Tracing your functions

December 27th, 2018 • Comments Off

Note: this is mostly just for proof of concept – not necessarily something you want to do in a production system, but might be useful in a staging/test environment.

Functions in a Serverless environment (Tim Bray has a nice write-up of some of the key aspects of Serverless here. And let’s leave aside some side notes like this one.) like OpenFaaS or OpenWhisk are short lived things that really come and go. But wouldn’t it be useful to – regardless of this context – to be able to gain insight on how your functions perform? Hence being able to trace/profile the functions in an environment would be a nice to have add-on.
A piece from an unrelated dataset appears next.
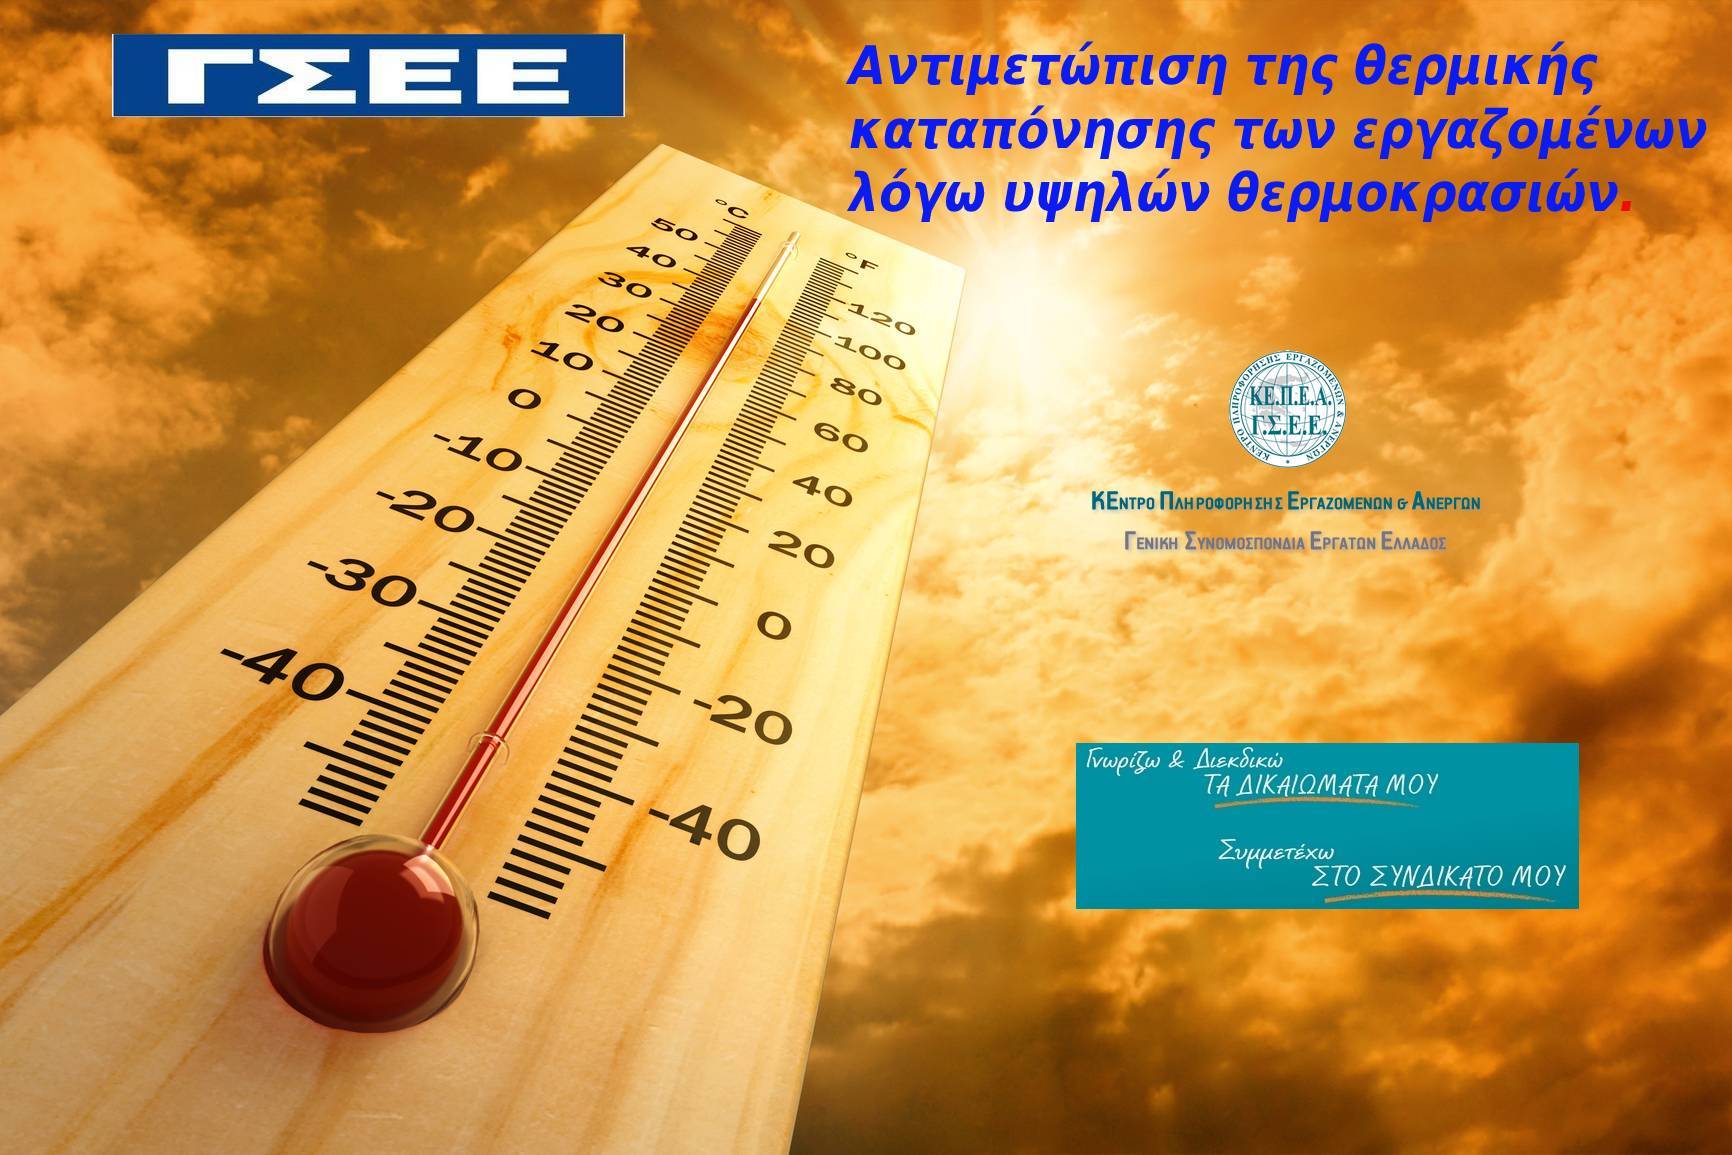 Αντιμετώπιση της θερμικής καταπόνησης των εργαζομένων λόγω υψηλών θερμοκρασιών.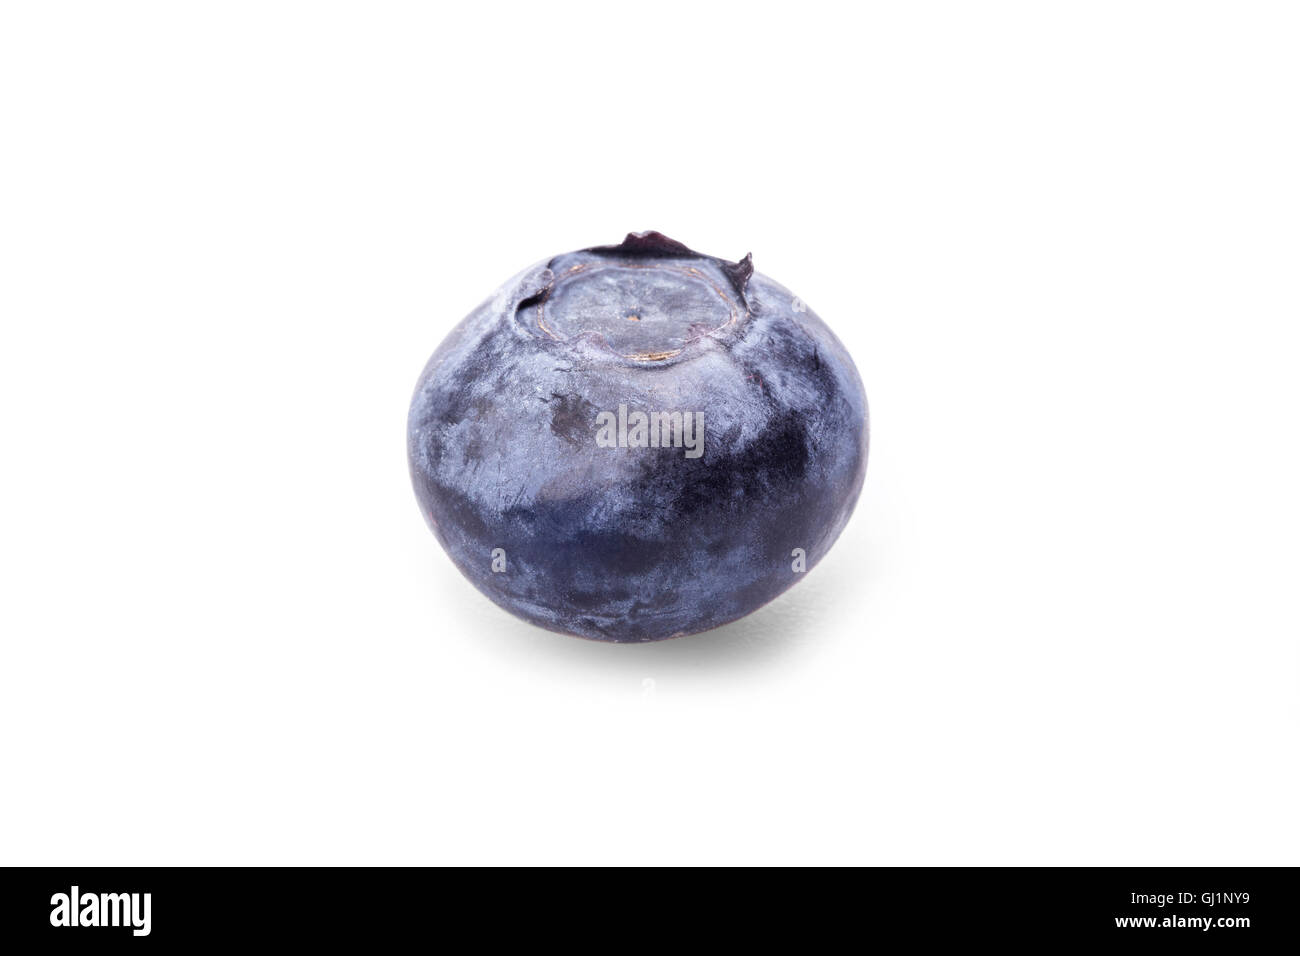 Blueberry on isolated white background. Stock Photo

The following diagram shows a high-level overview of how this could look like.

(Click to enlarge)

Once you have the tracing/profiling of your functions in place FlameScope is a handy tool to visualize them. Here you can see the list of trace for previously executed functions:

(Click to enlarge)

Drilling deeper into them you can see the actually FlameGraphs of each function – for example a function calculating pi.

(Click to enlarge)

As some functions have a very short lifespan, you will also note – that by looking at the heatmaps – not a lot is going:

(Click to enlarge)

I’m not necessarily claiming this is all very useful – especially since some functions are still very short lived, and their traces are not capturing a lot of information, therefore. However the general concept of all this sounds intriguing to me. Running your function on different platforms for example will results in difference in the FlameGraph. The function shown here will calculate Pi and perform some I/O operations for test purposes. The function’s FlameGraph from above looks a bit different when run on a different platform (Xeon vs i5):

(Click to enlarge)

Multiple runs of the same function on the same platform will results in similar FlameGraphs.

The following sections describe how to enable such a scenario:

Step 1) enabling the environment

Frameworks such as OpenFaas or OpenWhisk will use docker [cold|warm|hot] containers to host the functions. So one of the initial steps it to enable tracing in those containers. By one some syscalls are blocked – for good reason – in docker [src]. Unless you want to go dig deep into OpenFaaS or OpenWhisk and change how they run containers, the easiest way forward it to enable e.g. the perf_event_open system call using seccomp security profiles system wide. To do so start dockerd with the following parameters:

$ sudo dockerd -H unix:///var/run/docker.sock --seccomp-profile /etc/docker/defaults.json

An example security profile can be found here. Just whitelist the right system calls that you will need and store the profile in /etc/docker/defaults.json. For this example we will user perf, hence we need to enable perf_event_open.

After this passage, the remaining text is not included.